─── Records shown

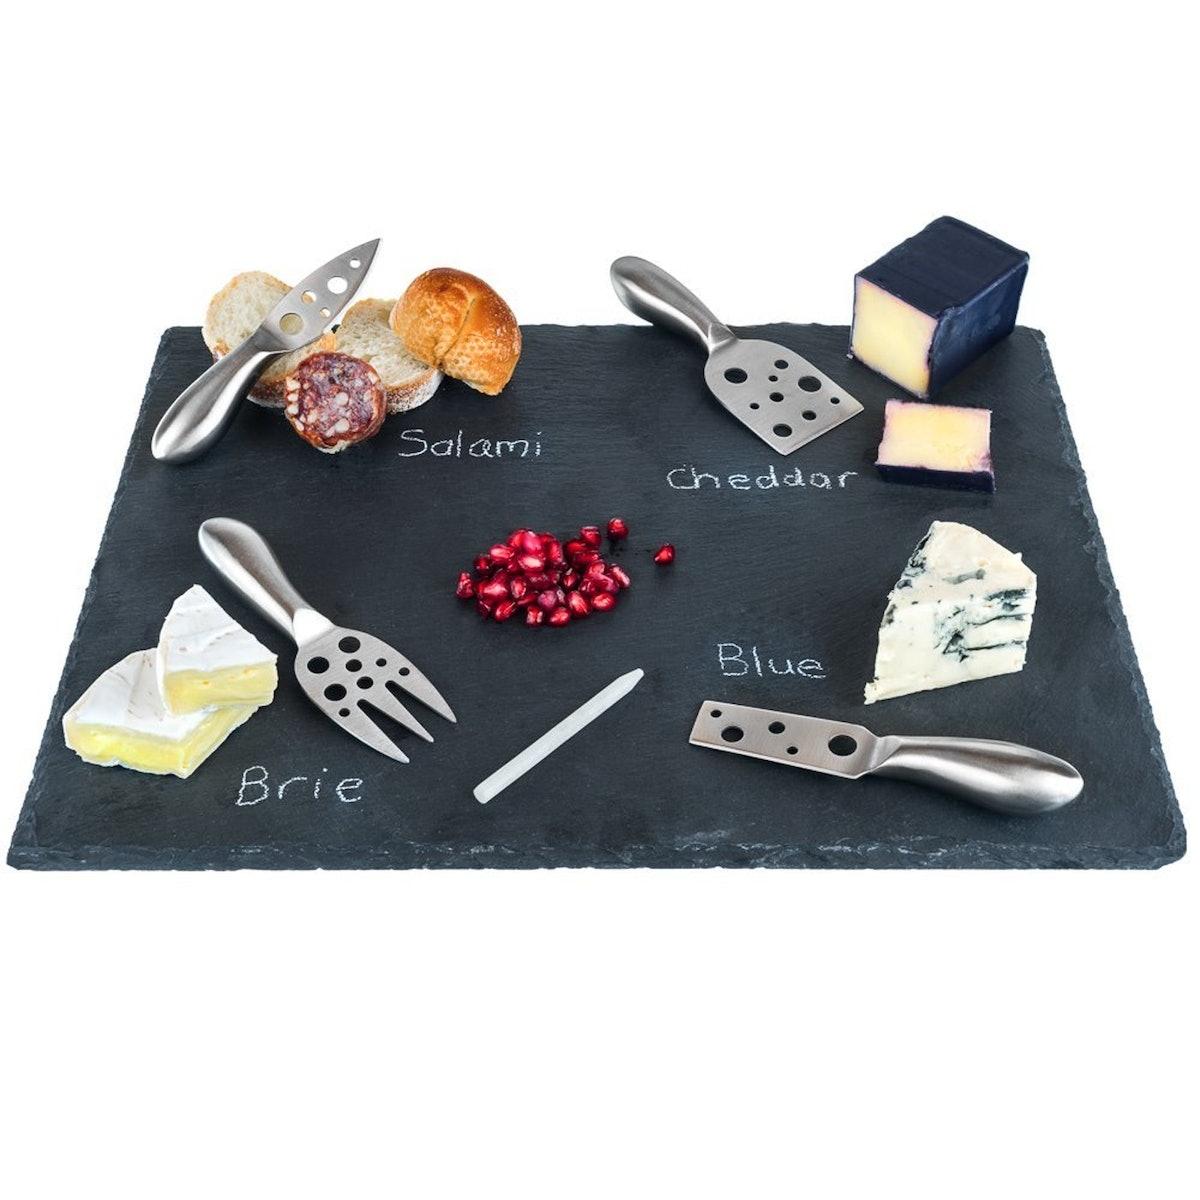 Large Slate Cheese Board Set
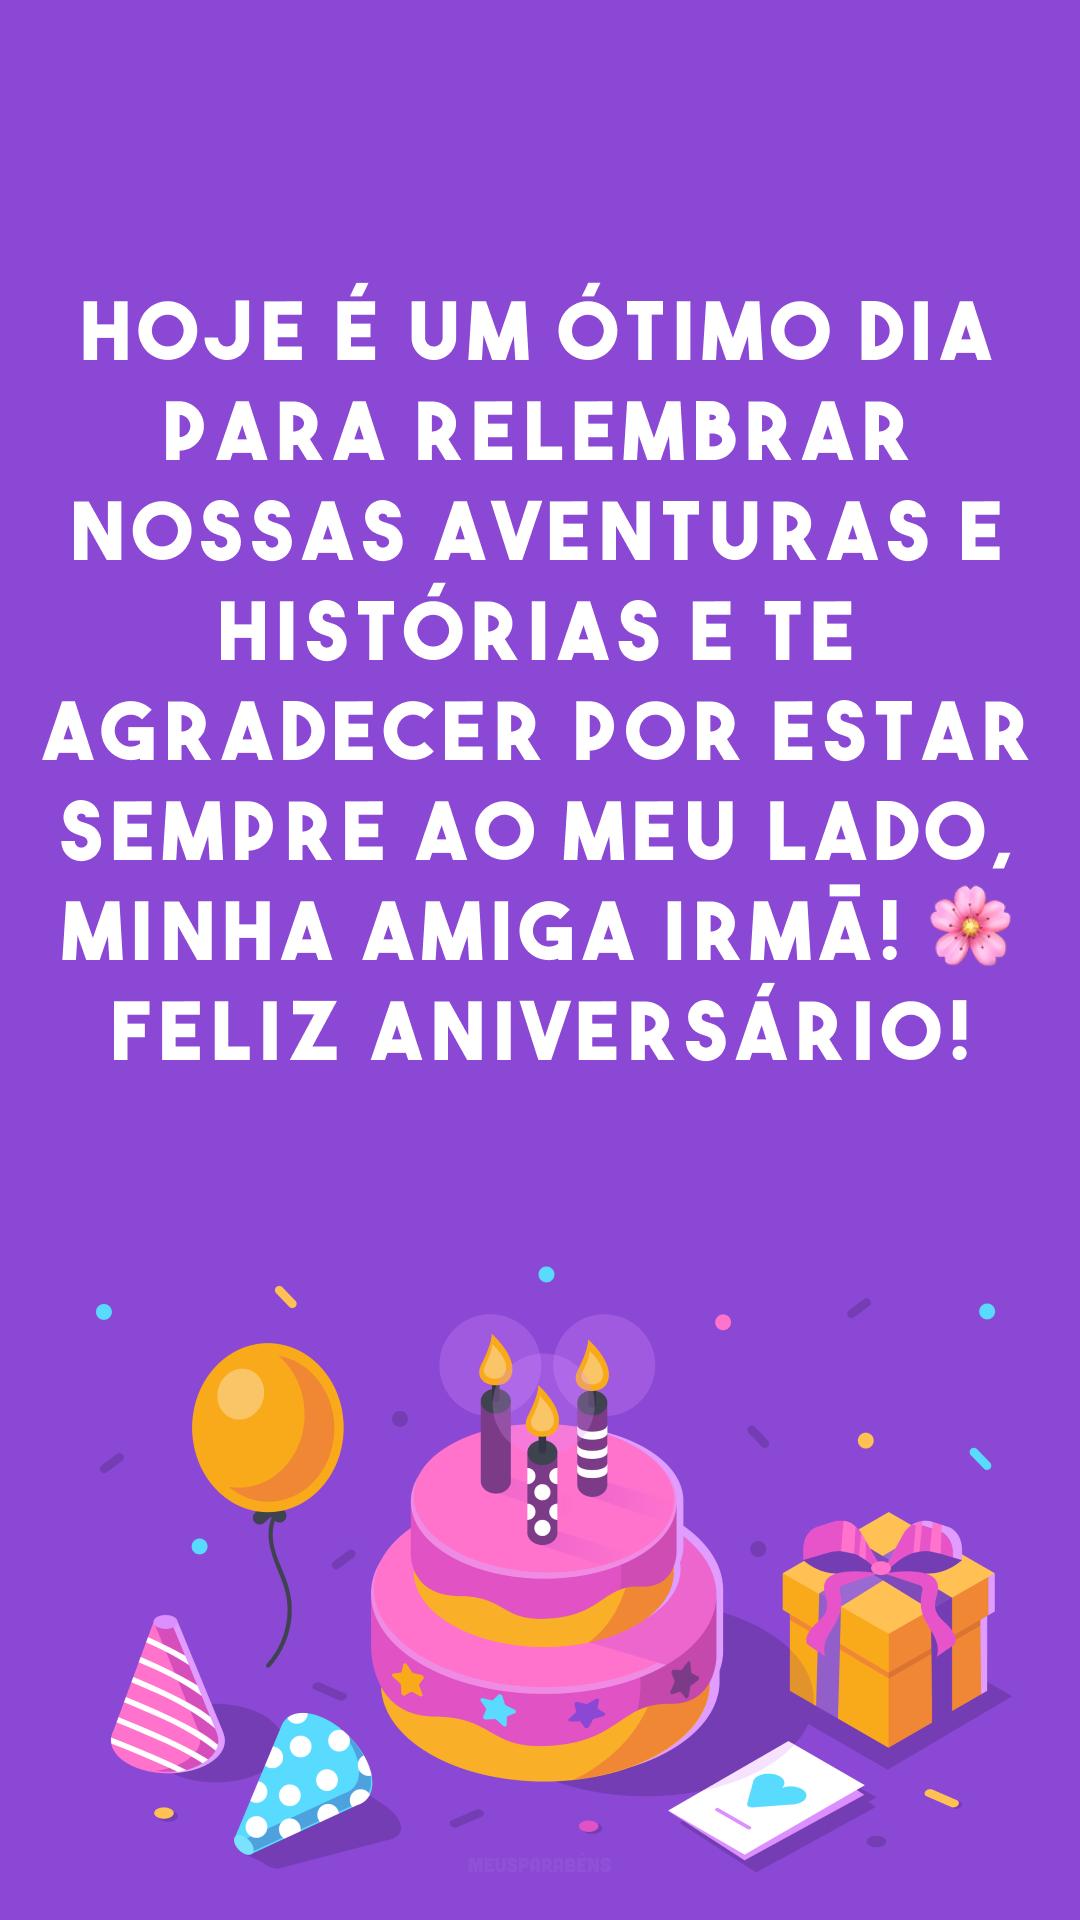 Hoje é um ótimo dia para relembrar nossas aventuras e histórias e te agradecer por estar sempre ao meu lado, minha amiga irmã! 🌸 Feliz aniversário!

──────
─── Records shown

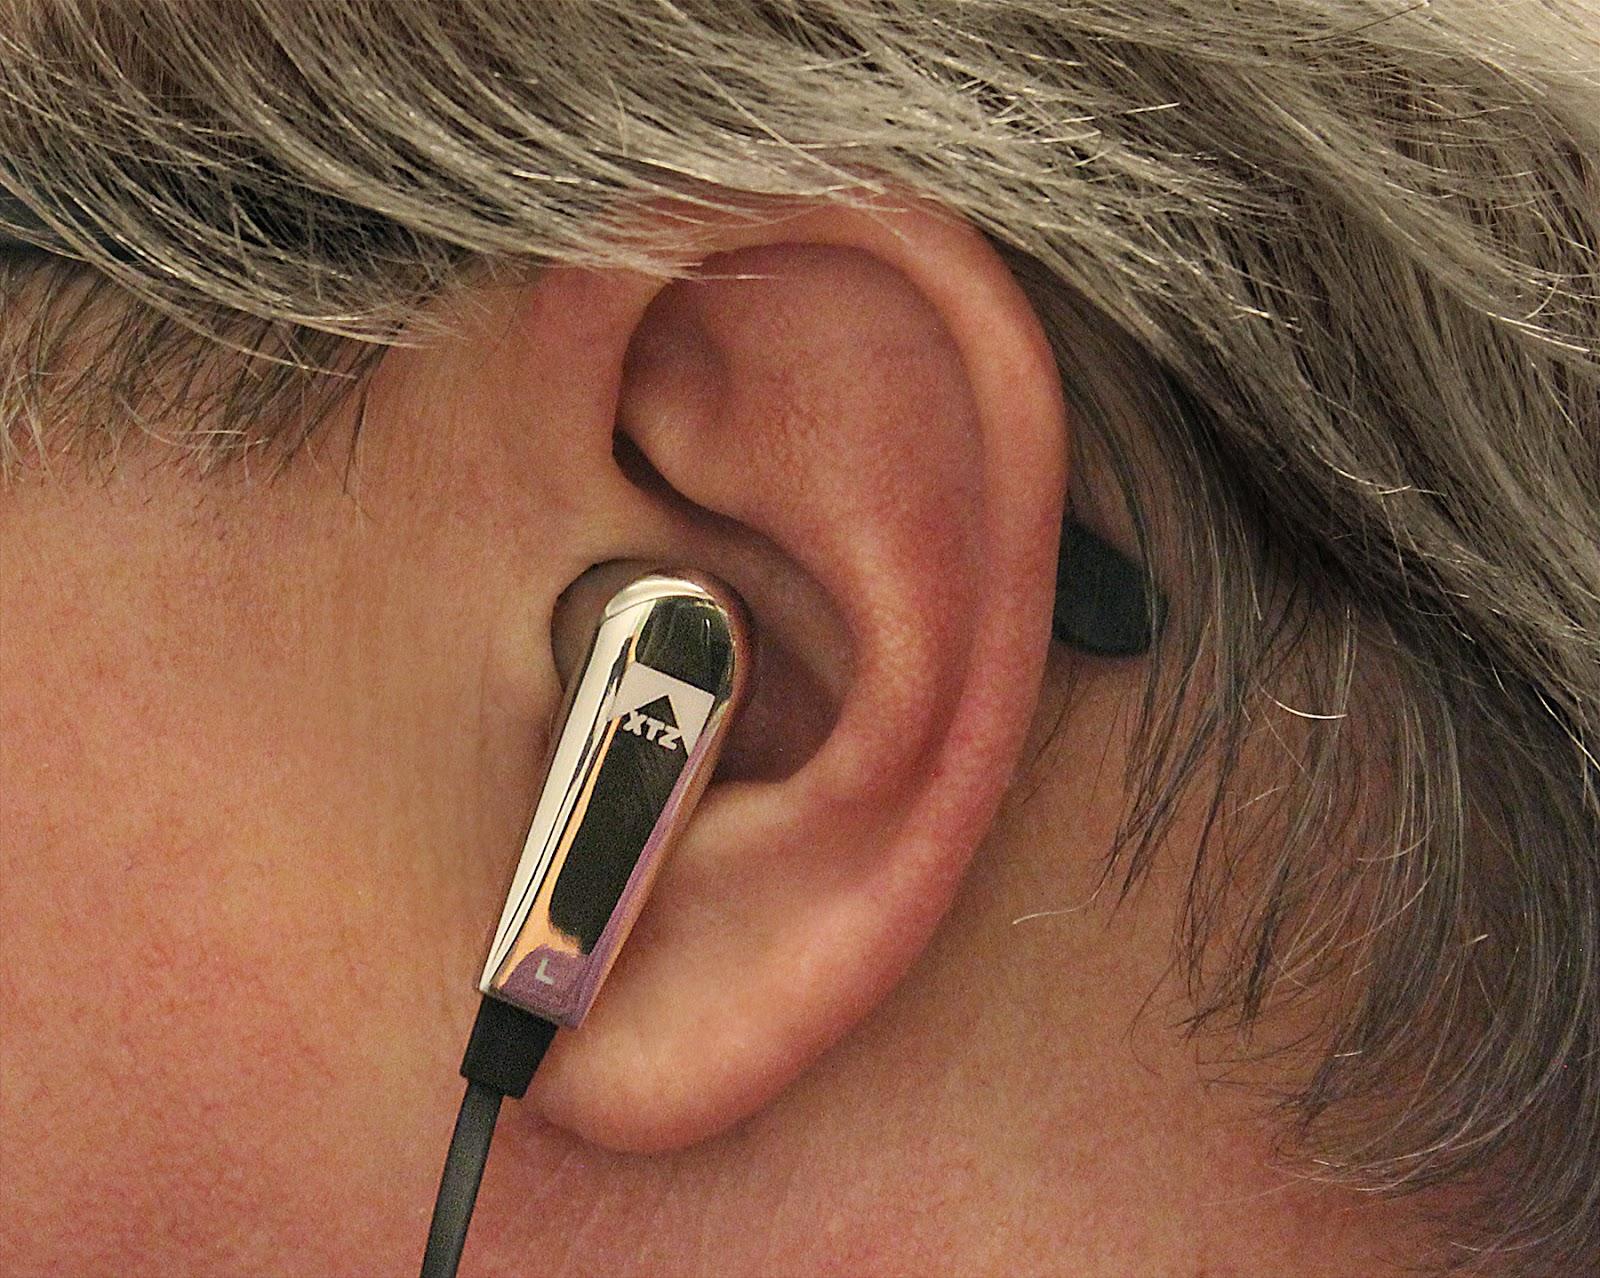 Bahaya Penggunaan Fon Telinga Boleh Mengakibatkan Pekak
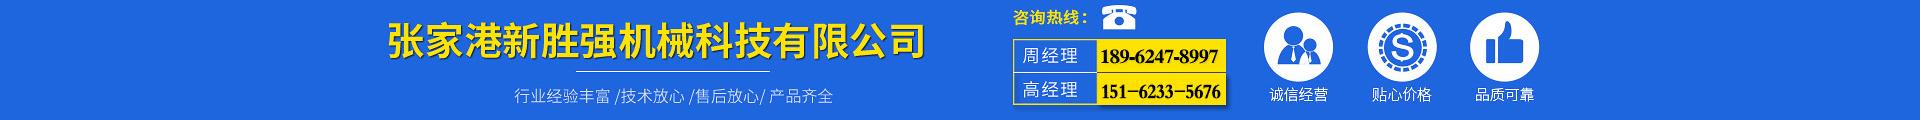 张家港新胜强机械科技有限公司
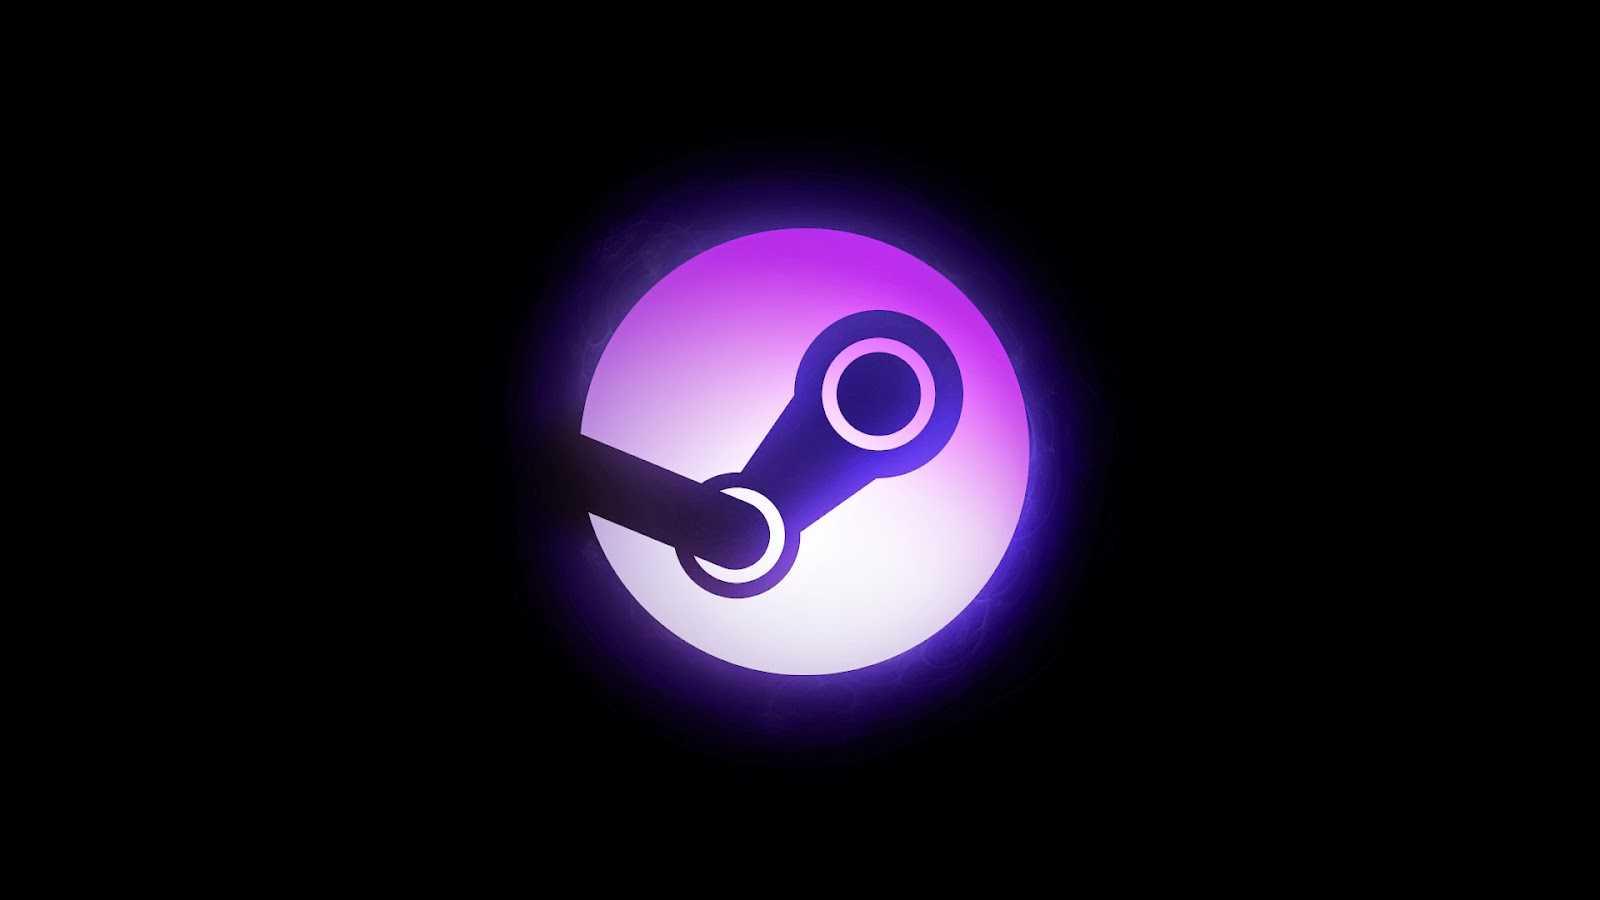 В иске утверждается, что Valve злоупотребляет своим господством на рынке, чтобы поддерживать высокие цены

──────

◆ What you should do
Would you please reproduce the entries above, starting at the line with "Large Slate Cheese Board Set" and stopping after the line with "Hoje é um ótimo"? Omit any pictures.

◆ Result
 Large Slate Cheese Board Set
 Hoje é um ótimo dia para relembrar nossas aventuras e histórias e te agradecer por estar sempre ao meu lado, minha amiga irmã! 🌸 Feliz aniversário!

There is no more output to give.